Zhang Jianqiang, Hou Jing, He Qiusheng, Yuan Zhengwei, Xue Hao
School of Electronic Information Engineering, Taiyuan University of Science and Technology, Taiyuan 030024, China.
College of Modern Urban Construction Industry, Tianjin Chengjian University, Tianjin 300384, China.
Sensors (Basel). 2024 Dec 20;24(24):8158. doi: 10.3390/s24248158.
Human pose estimation is an important research direction in the field of computer vision, which aims to accurately identify the position and posture of keypoints of the human body through images or videos. However, multi-person pose estimation yields false detection or missed detection in dense crowds, and it is still difficult to detect small targets. In this paper, we propose a Mamba-based human pose estimation. First, we design a GMamba structure to be used as a backbone network to extract human keypoints. A gating mechanism is introduced into the linear layer of Mamba, which allows the model to dynamically adjust the weights according to the different input images to locate the human keypoints more precisely. Secondly, GMamba as the backbone network can effectively solve the long-sequence problem. The direct use of convolutional downsampling reduces selectivity for different stages of information flow. We used slice downsampling (SD) to reduce the resolution of the feature map to half the original size, and then fused local features from four different locations. The fusion of multi-channel information helped the model obtain rich pose information. Finally, we introduced an adaptive threshold focus loss (ATFL) to dynamically adjust the weights of different keypoints. We assigned higher weights to error-prone keypoints to strengthen the model's attention to these points. Thus, we effectively improved the accuracy of keypoint identification in cases of occlusion, complex background, etc., and significantly improved the overall performance of attitude estimation and anti-interference ability. Experimental results showed that the AP and AP50 of the proposed algorithm on the COCO 2017 validation set were 72.2 and 92.6. Compared with the typical algorithm, it was improved by 1.1% on AP50. The proposed method can effectively detect the keypoints of the human body, and provides stronger robustness and accuracy for the estimation of human posture in complex scenes.

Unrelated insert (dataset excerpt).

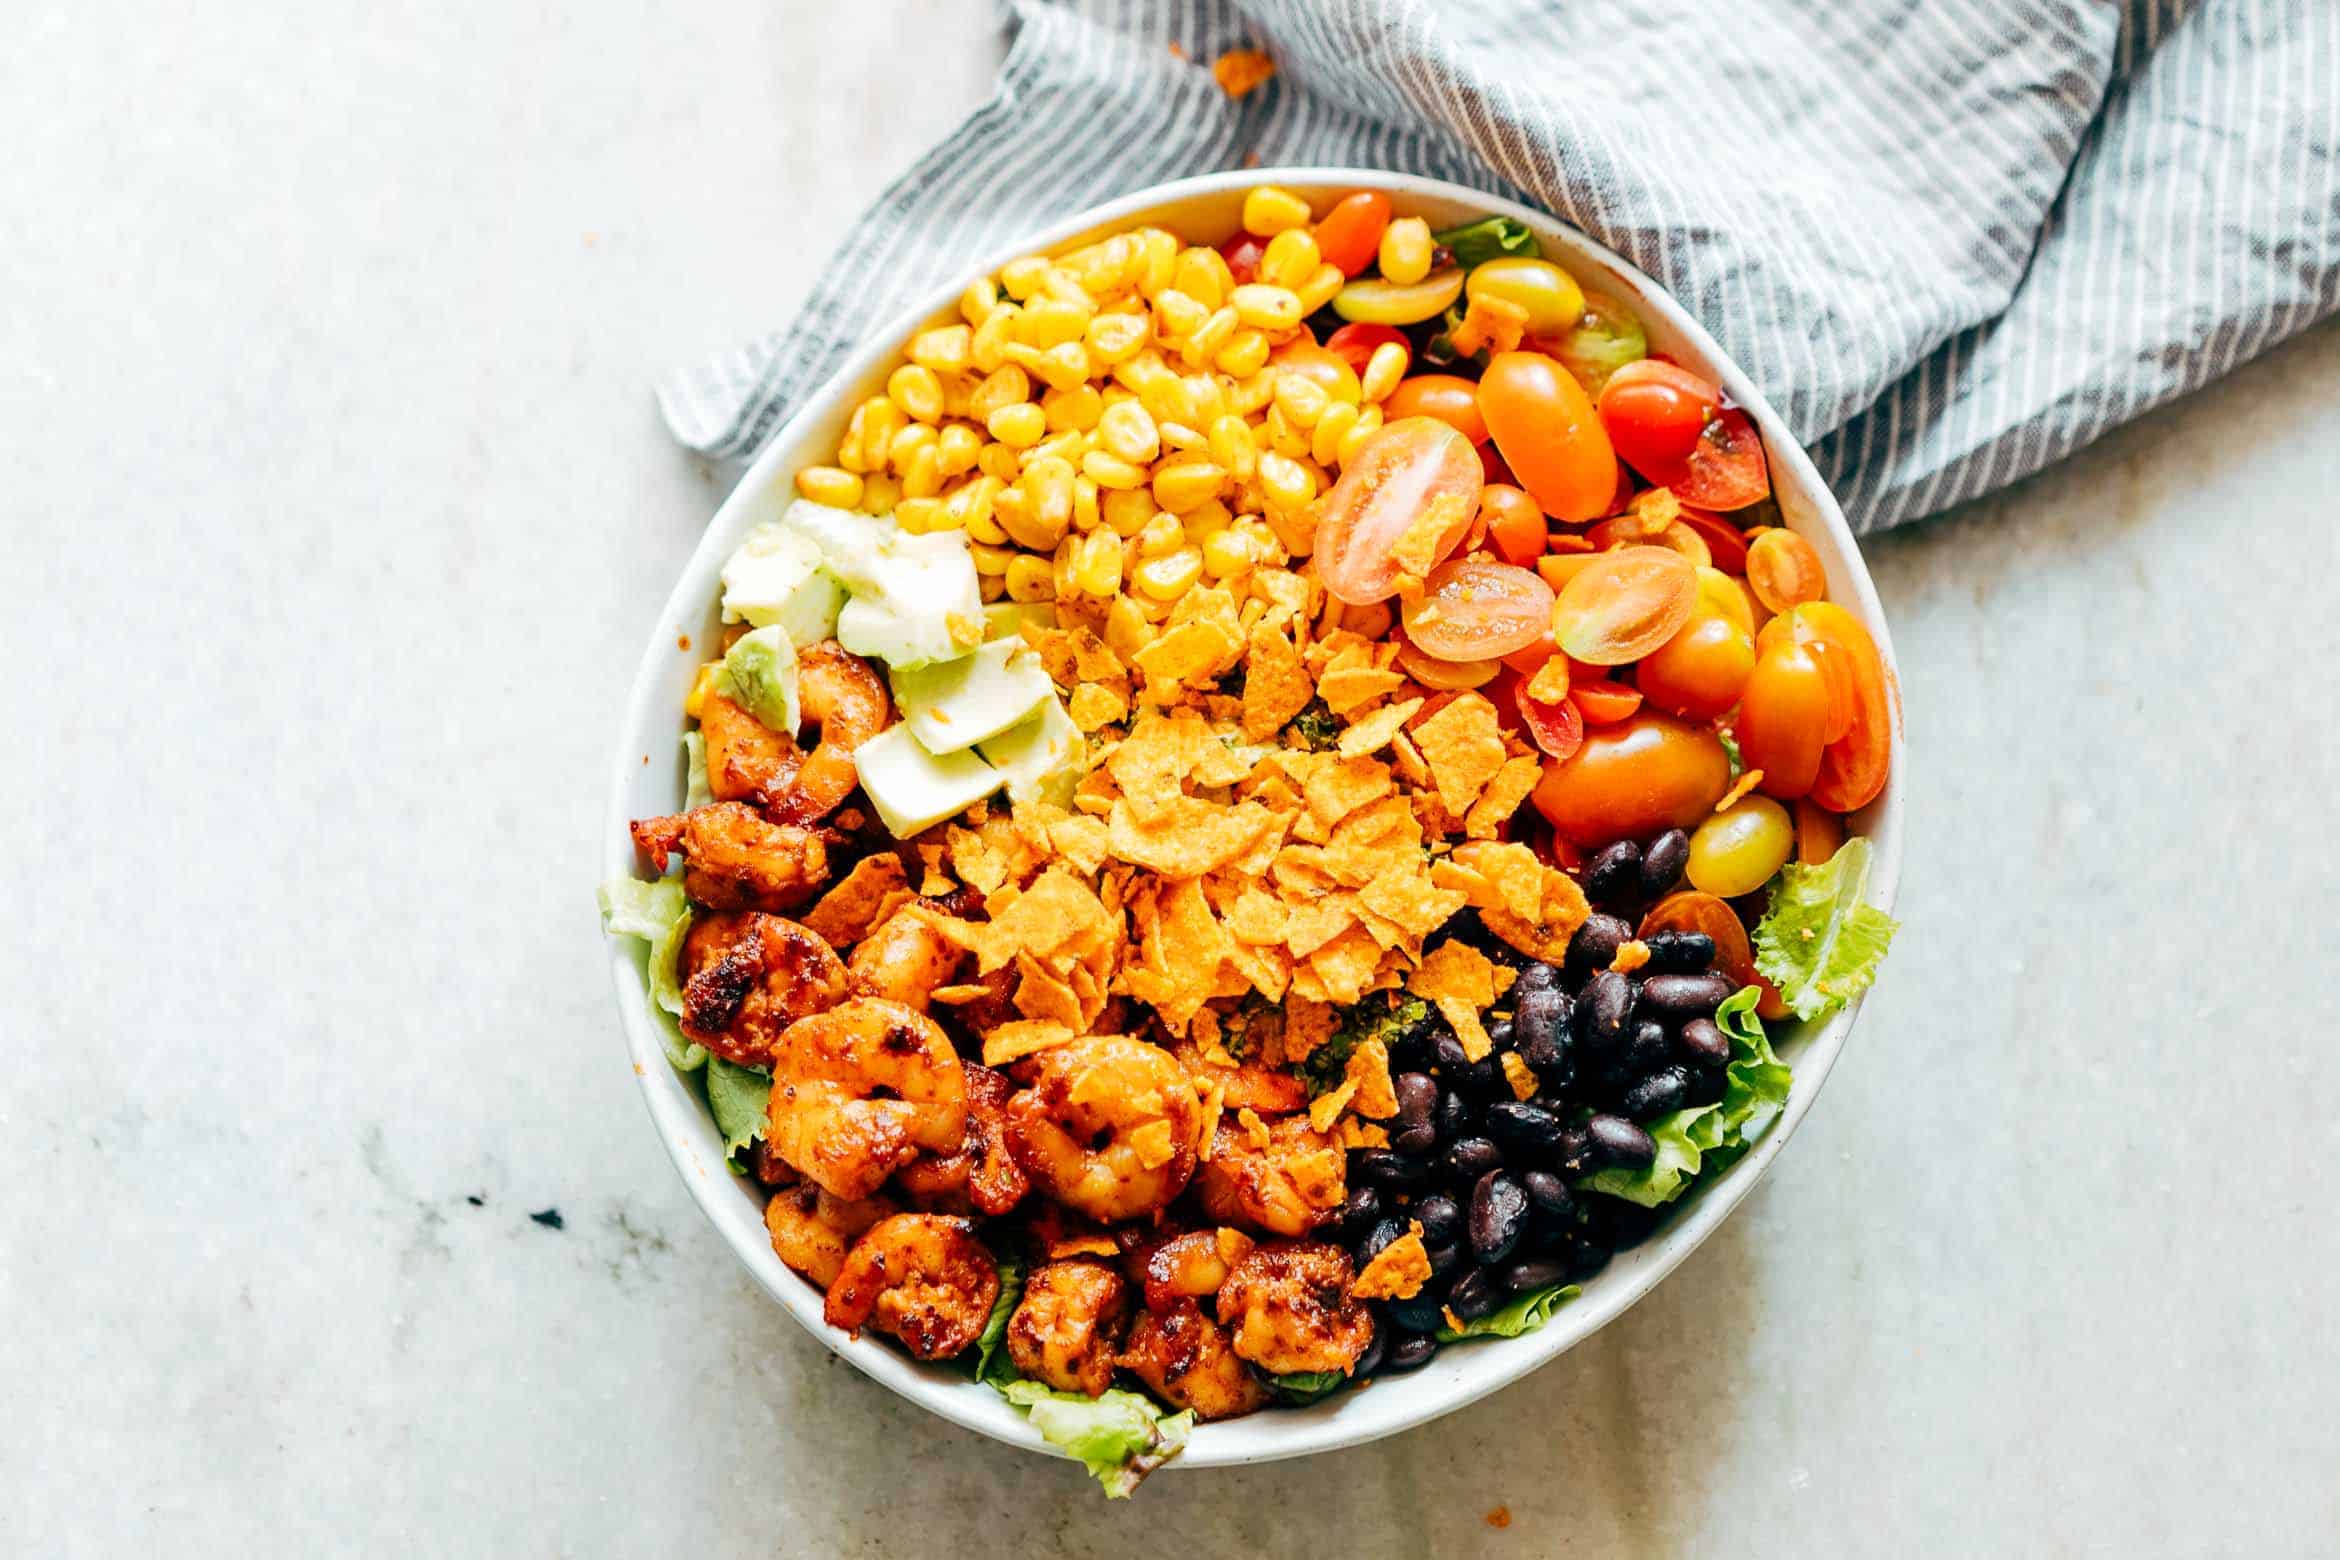 Mexican Prawn Avocado Taco Salad is a delicious, hearty salad that has all the flavours of your favourite mexican taco, but healthier. Loaded with lettuce, black beans, avocado, cherry tomatoes, corn and a delicious cilantro lime dressing, it's perfect when you want salad for dinner.

人体姿态估计是计算机视觉领域的一个重要研究方向,其目的是通过图像或视频准确识别人体关键点的位置和姿态。然而,多人姿态估计在密集人群中会产生误检或漏检,并且检测小目标仍然困难。在本文中,我们提出了一种基于曼巴的人体姿态估计方法。首先,我们设计了一种GMamba结构作为骨干网络来提取人体关键点。在曼巴的线性层中引入了一种门控机制,使模型能够根据不同的输入图像动态调整权重,从而更精确地定位人体关键点。其次,GMamba作为骨干网络能够有效解决长序列问题。直接使用卷积下采样会降低对信息流不同阶段的选择性。我们使用切片下采样(SD)将特征图的分辨率降低到原来的一半,然后融合来自四个不同位置的局部特征。多通道信息的融合有助于模型获得丰富的姿态信息。最后,我们引入了自适应阈值焦点损失(ATFL)来动态调整不同关键点的权重。我们给易错的关键点分配更高的权重,以加强模型对这些点的关注。因此,我们有效提高了在遮挡、复杂背景等情况下关键点识别的准确率,并显著提高了姿态估计的整体性能和抗干扰能力。实验结果表明,所提算法在COCO 2017验证集上的AP和AP50分别为72.2和92.6。与典型算法相比,AP50提高了1.1%。所提方法能够有效检测人体关键点,并为复杂场景下的人体姿态估计提供更强的鲁棒性和准确性。